## [Dataset section]
***
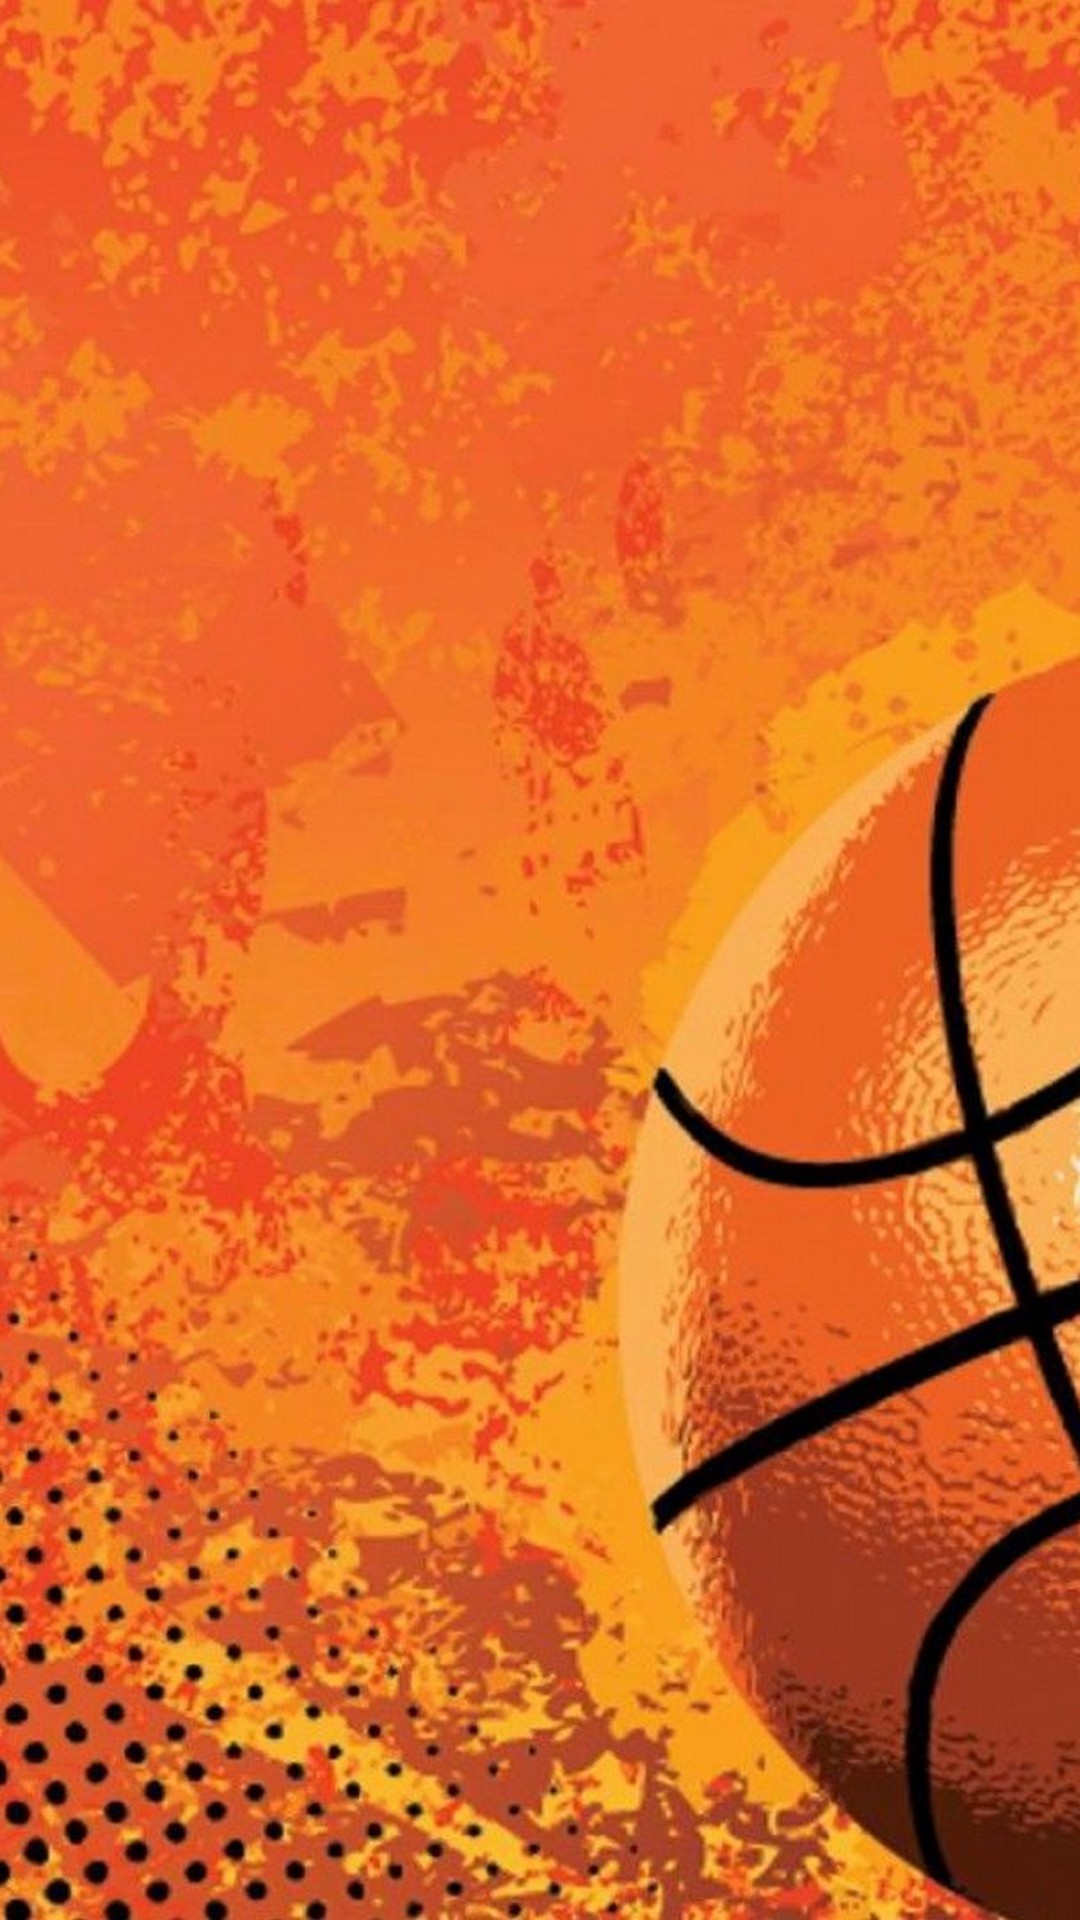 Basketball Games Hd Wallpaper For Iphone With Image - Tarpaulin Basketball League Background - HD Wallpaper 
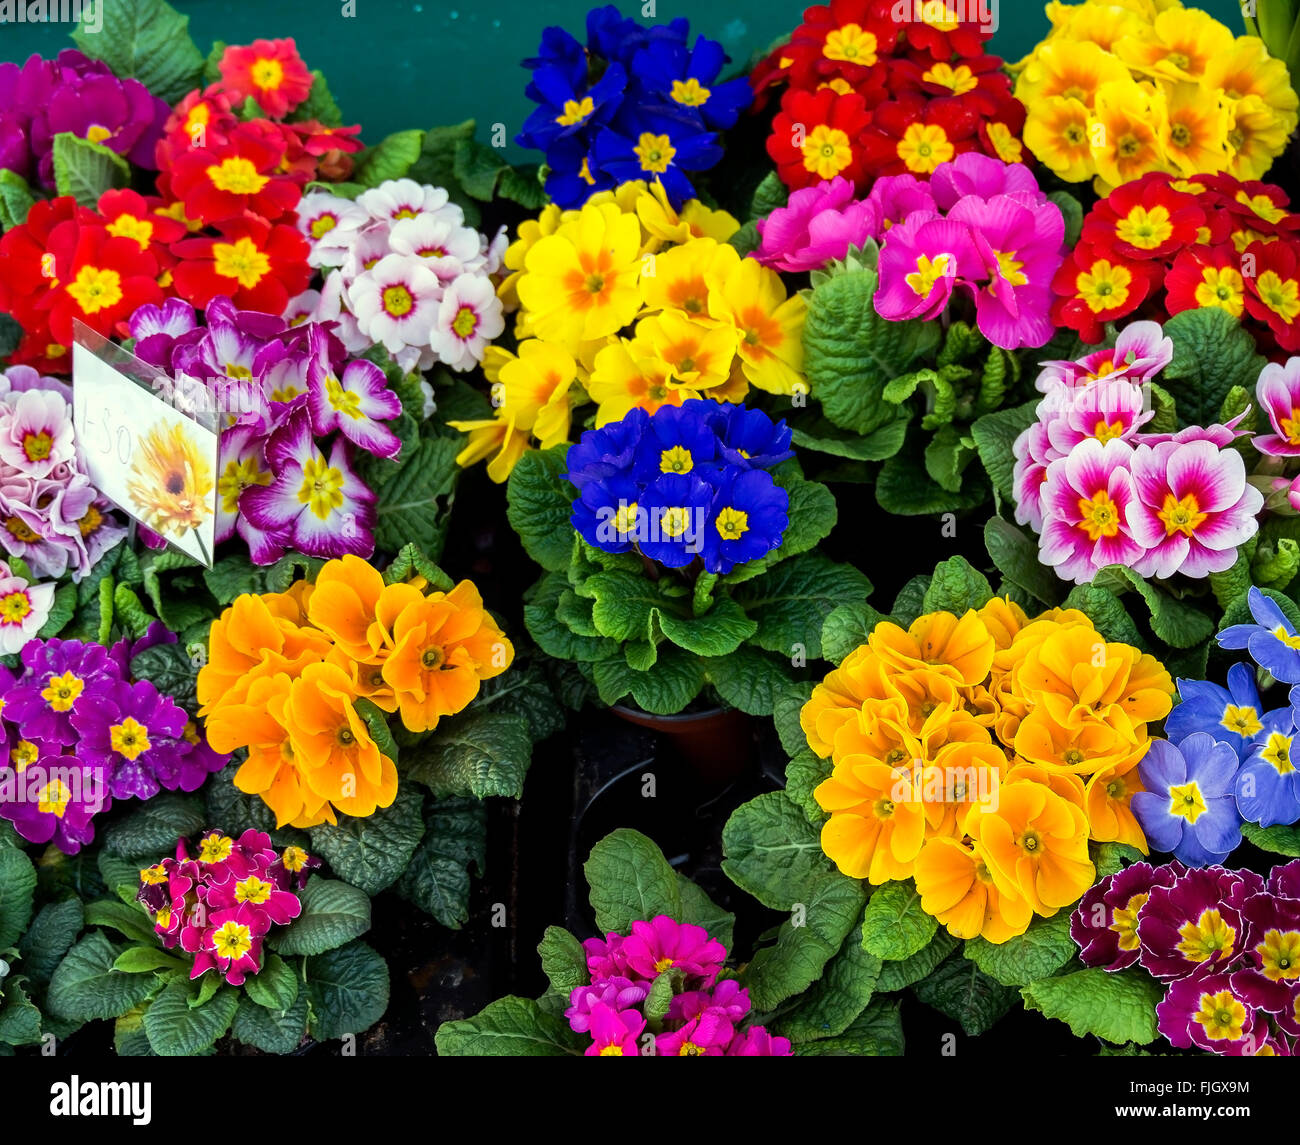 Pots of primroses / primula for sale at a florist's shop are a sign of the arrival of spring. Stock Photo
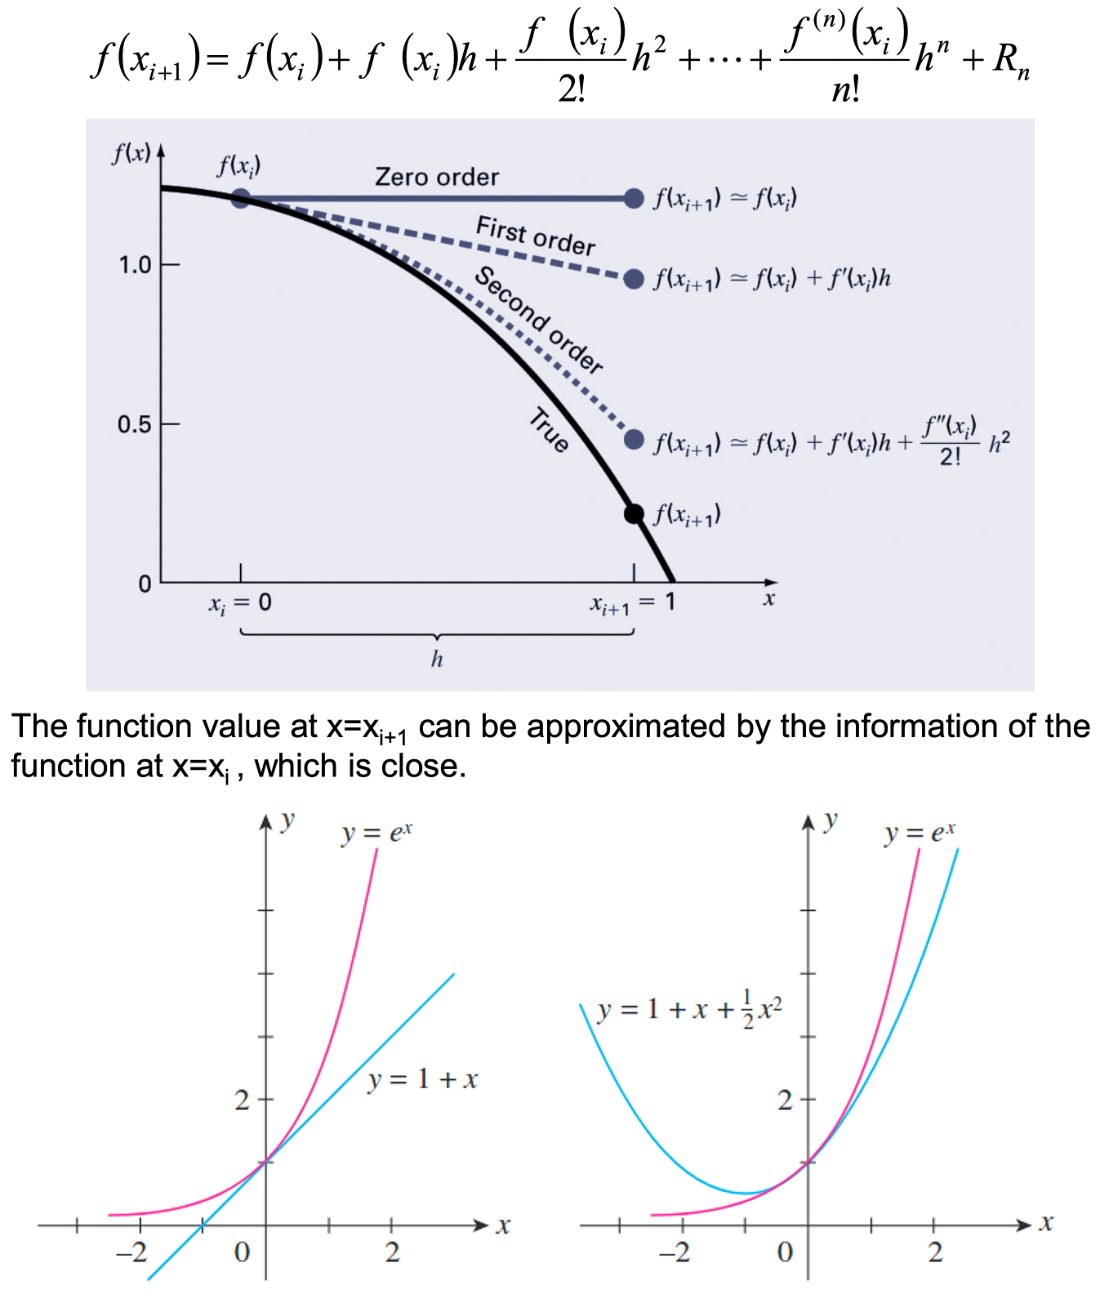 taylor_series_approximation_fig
***
## [Exercise details]
Give the data again exactly, image-free.

## [Answer section]
 Basketball Games Hd Wallpaper For Iphone With Image - Tarpaulin Basketball League Background - HD Wallpaper 
 Pots of primroses / primula for sale at a florist's shop are a sign of the arrival of spring. Stock Photo
 taylor_series_approximation_fig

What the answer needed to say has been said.